With Plymouth County Outreach, we are able to provide recovery coaching to the community at large, which has multiple added advantages, such as maintaining long-term personal and family recovery as the primary goal, drawing upon the experiential knowledge within communities to guide our service, contributing to the growth of the recovery landscape and increasing the peer support for those working in the field.

Recovery coaching is provided by people from diverse experiential and professional backgrounds but the distinct advantages of these services being provided by people in recovery, that have been specifically trained for the role, should not be overlooked. People in recovery are uniquely qualified for the recovery coaching peer support model in a different way than an LADC (licensed alcohol and drug counselor). Now, I am not saying that an LADC doesn’t or can’t provide quality treatment and are not valuable. I just want to shed light on this newer and less-traditional recovery support option.

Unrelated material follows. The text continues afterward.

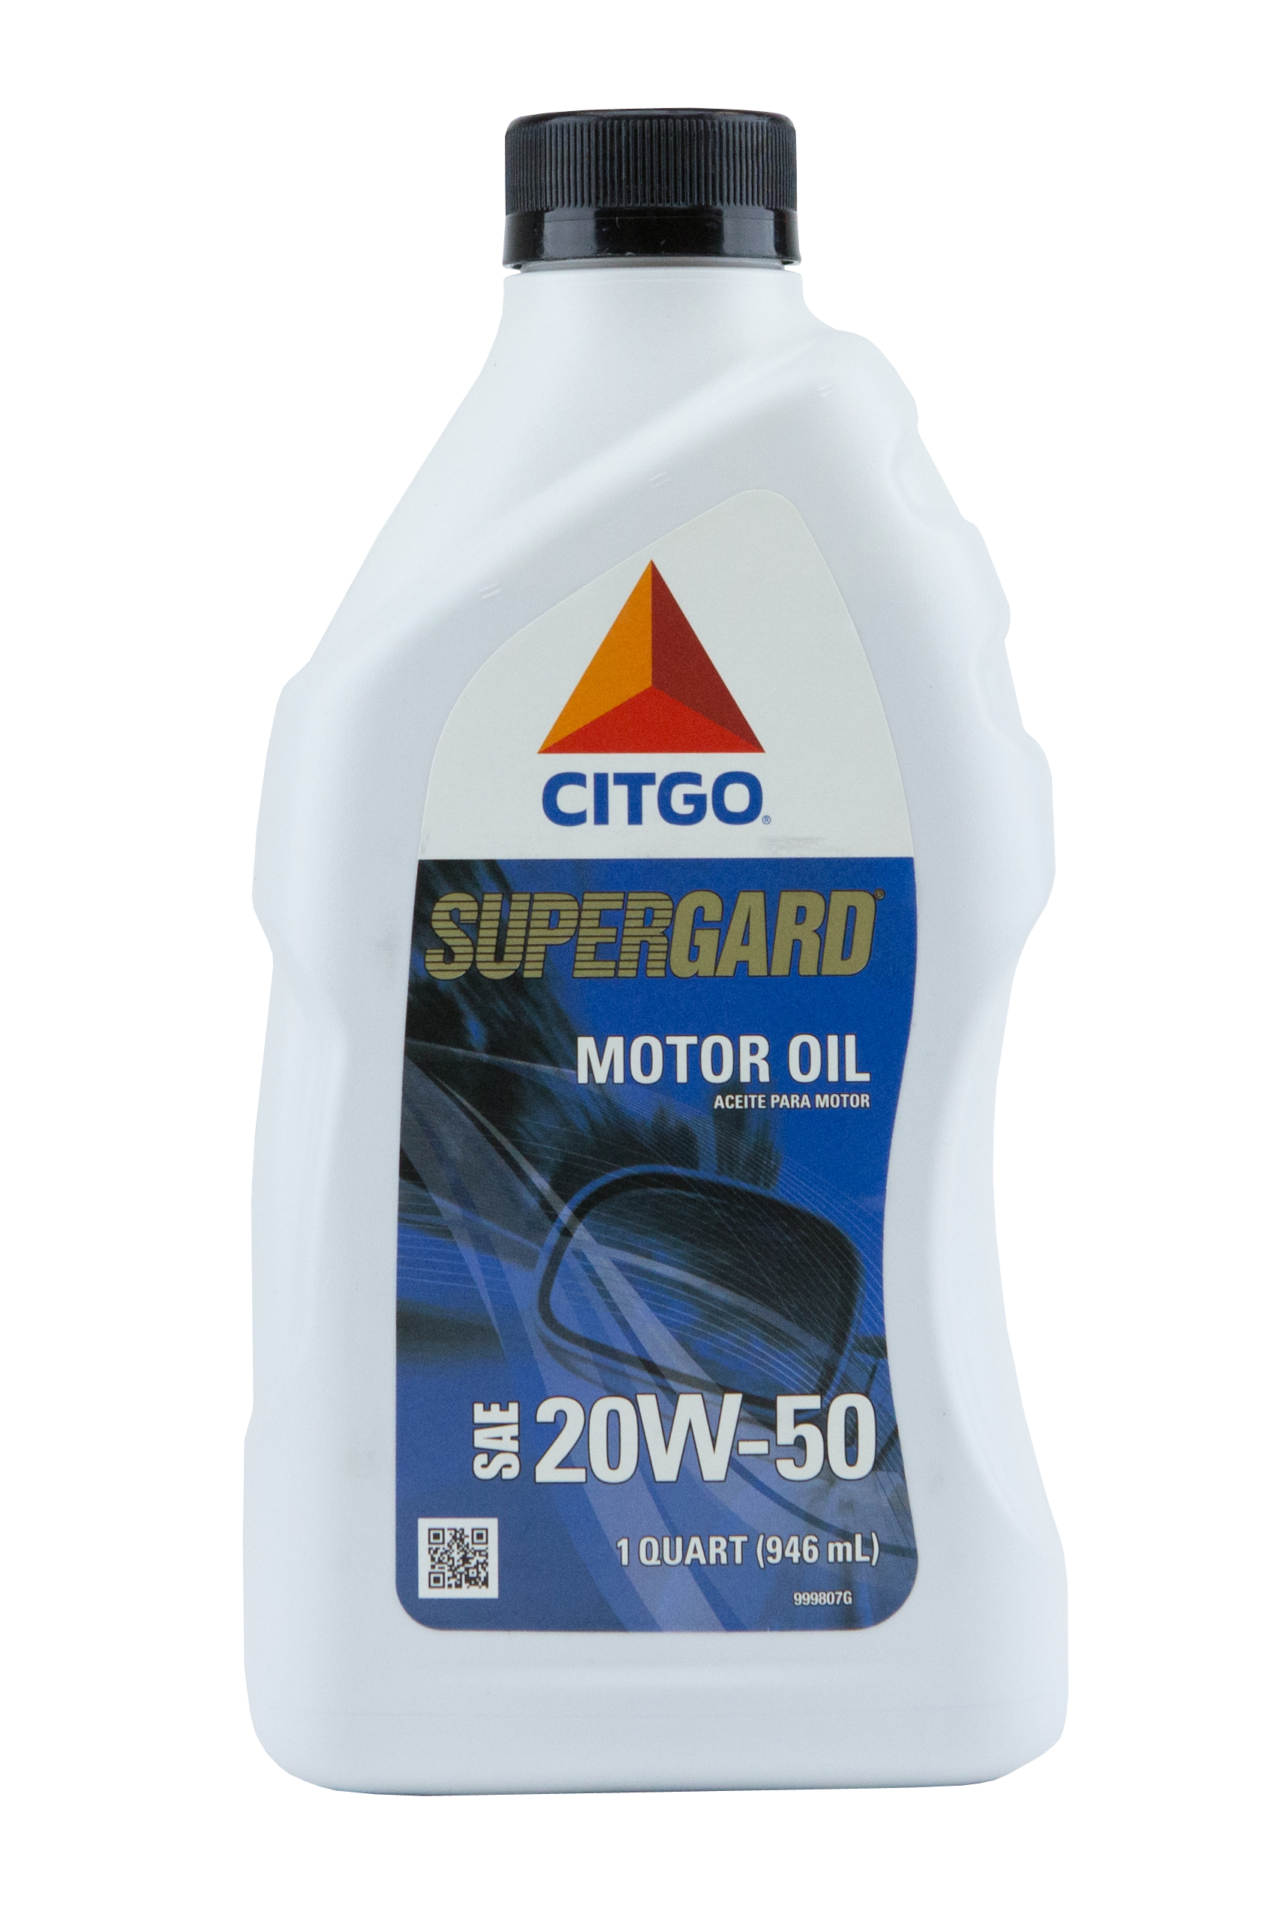 Buy Citgo Supergard 20w50 Motor Oil 12 1 Qts Case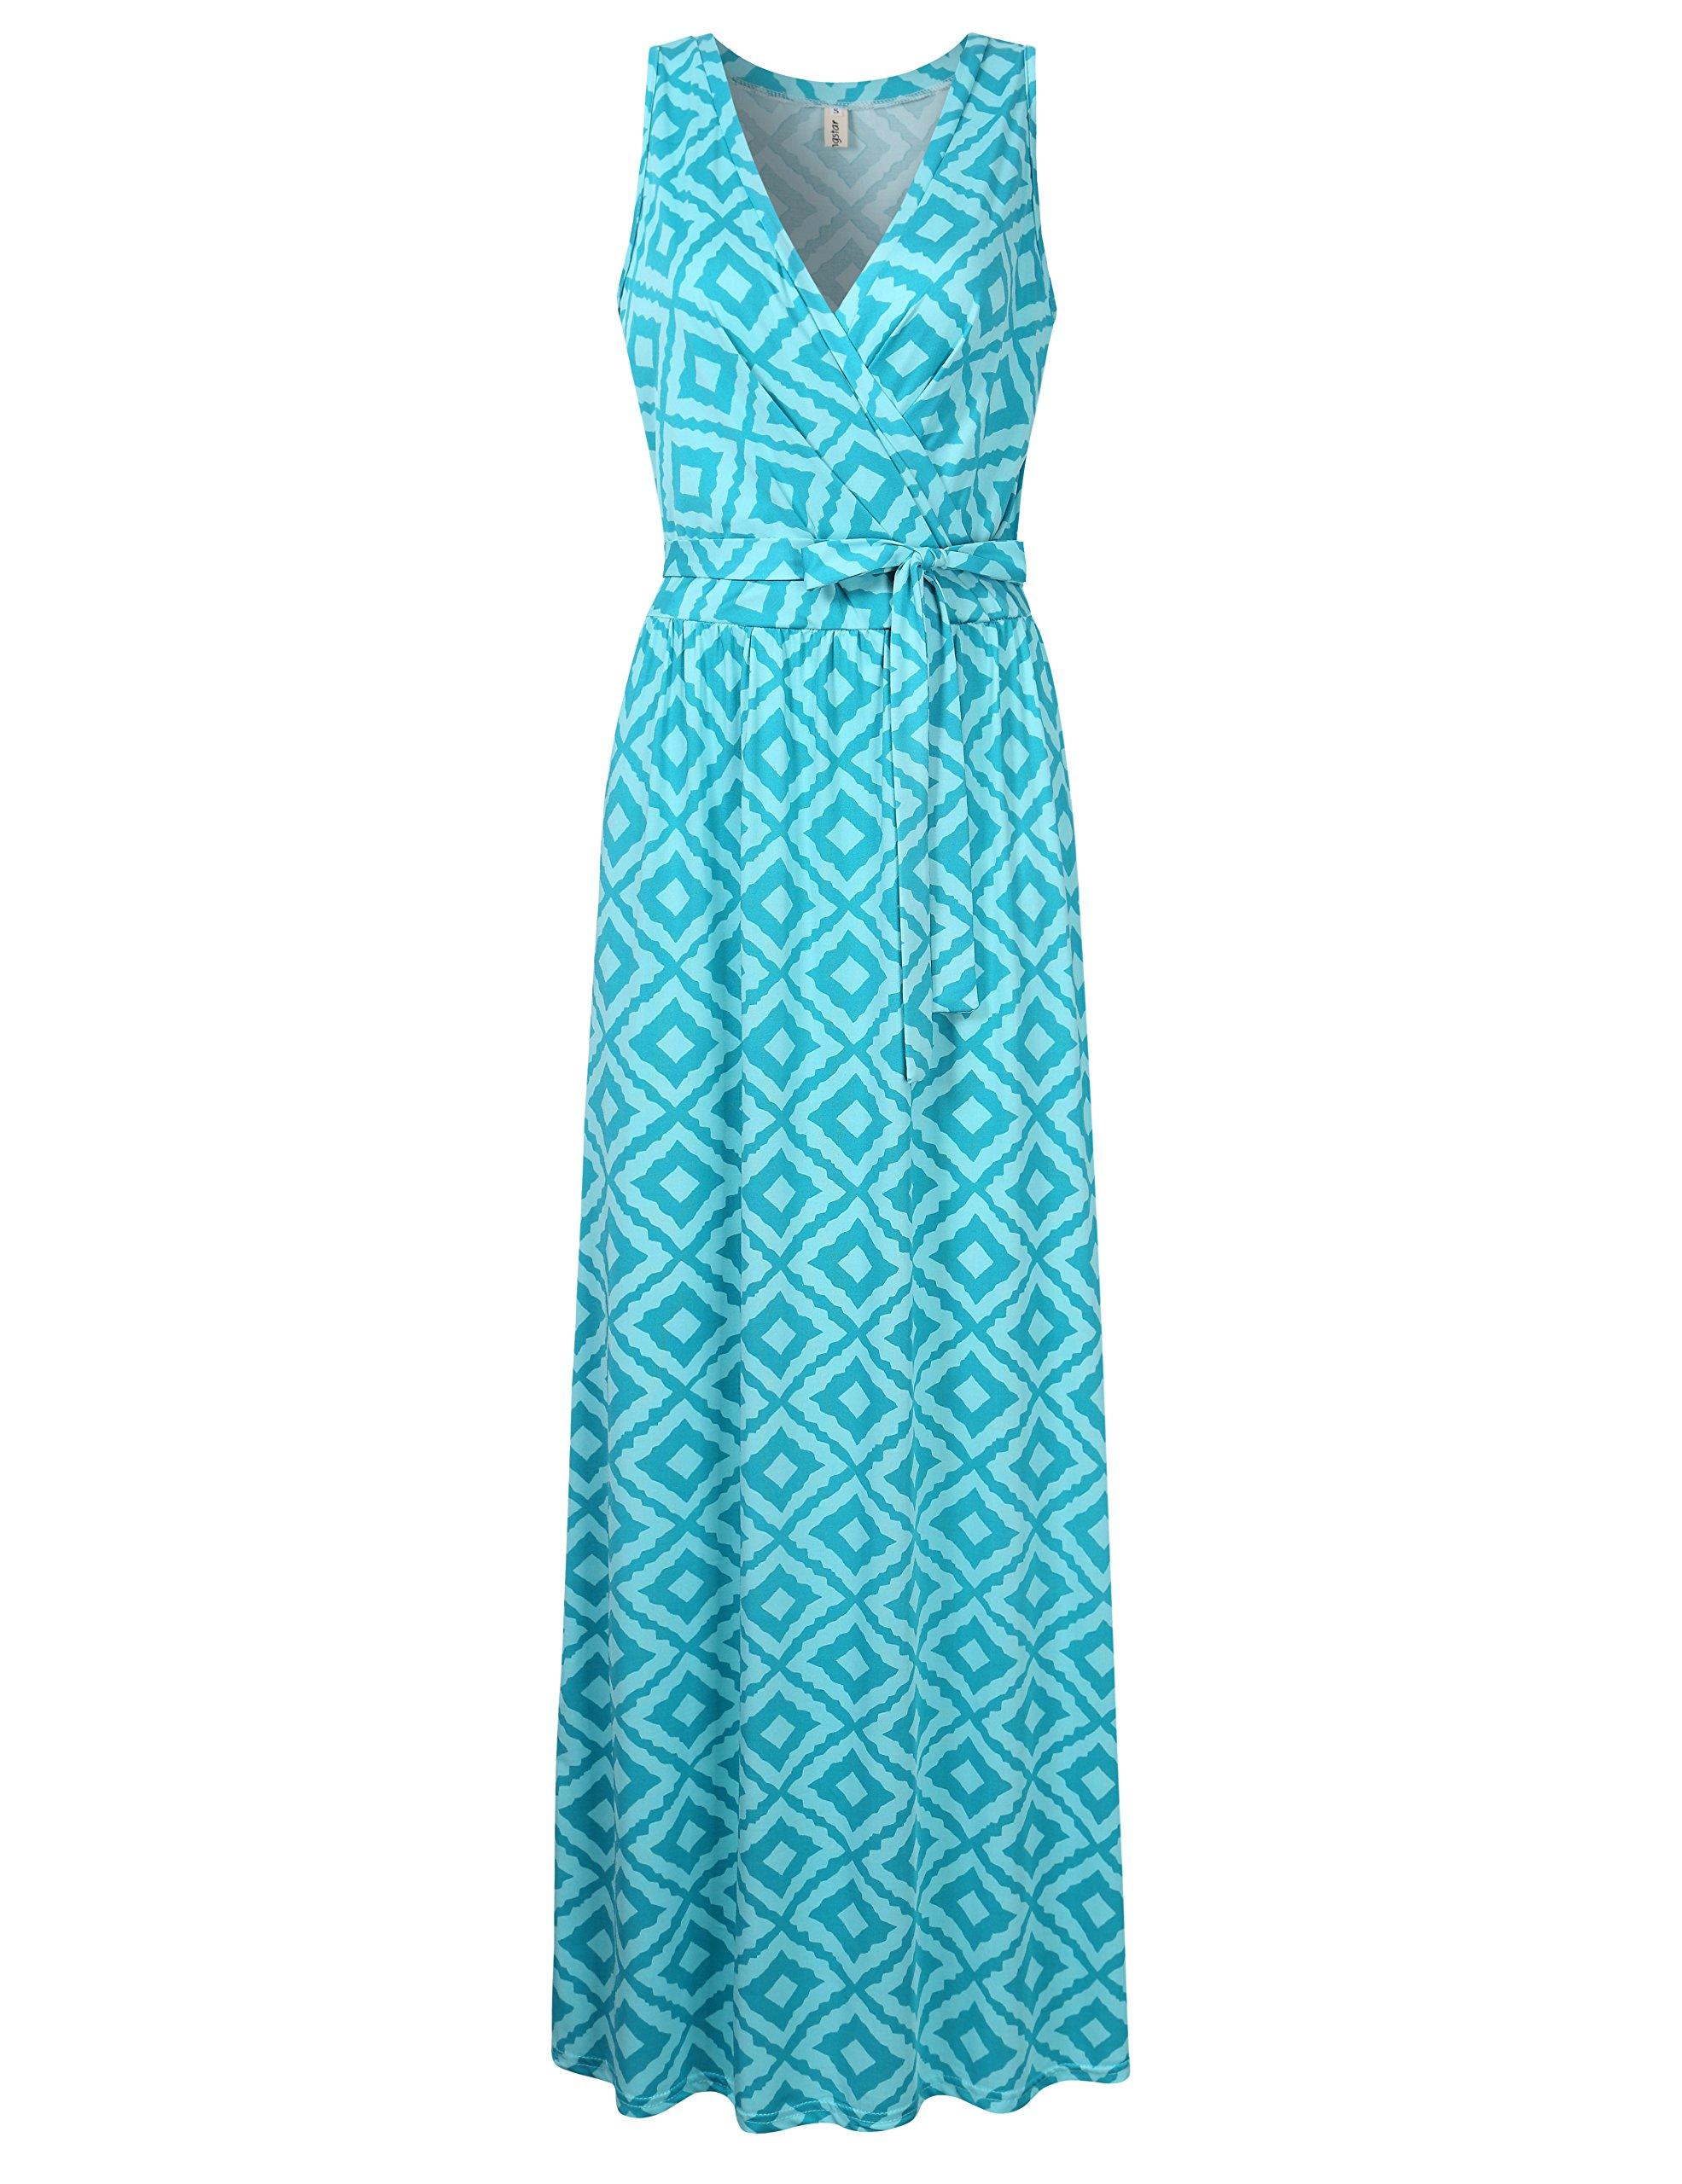 Leadingstar Women's Bohemian Sleeveless V Neck Wrap Long Maxi Summer Dress Green Rhombus XL

Recovery coaches represent hope as they are living proof of the reality of long-term recovery.

The truth is, many people have experienced or witnessed substance use disorder in action but may not have seen an accompanying experience of recovery. And sadly, a good number of those folks are not hopeful that recovery is possible because they have not seen it for themselves or their loved ones. When somebody is struggling in active addiction, chances are relatively high that those around them are well aware of it; whether it is standing at a bus stop, in line at the pharmacy or attending an event, it is often clear to the outside world. Conversely, when somebody is living in recovery from a substance use disorder, outside of their immediate circle of family, friends and recovery community members, many people have no idea that they are a person in recovery. In order for the world at large to have hope that recovery is possible, they have to see it. Recovery has to be made just as visible, if not more so than the painfully visible substance use disorder that preceded it. There has to be hope that recovery can and does happen.

We tend to have a vast knowledge of and are able to navigate within, the local recovery support services. We truly understand the personal and collective experiences surrounding the stages of substance use disorder and recovery. The act of employing those in recovery to provide peer support has the added benefit of expanding employment opportunities for people in recovery. Every single day over 100 people – 100 sons, daughters, partners, mothers, fathers, friends, neighbors – die as a result of substance use disorder. One-third of families in our country are impacted in some way by addiction. Now more than ever, it is imperative that we make solutions for finding recovery available and accessible to anybody in need. Millions of individuals have successfully utilized strategies and tools to initiate and sustain long-term recovery, such as recovery coaching and peer support services. With so many individuals living quietly in recovery, there is the unfortunate by-product of silence surrounding what has worked for them. When recovery coaches talk openly about their recovery and the resources, tools and strategies they used that allowed them to sustain it, more people become aware of them; widespread awareness of the solutions drastically improves access to them.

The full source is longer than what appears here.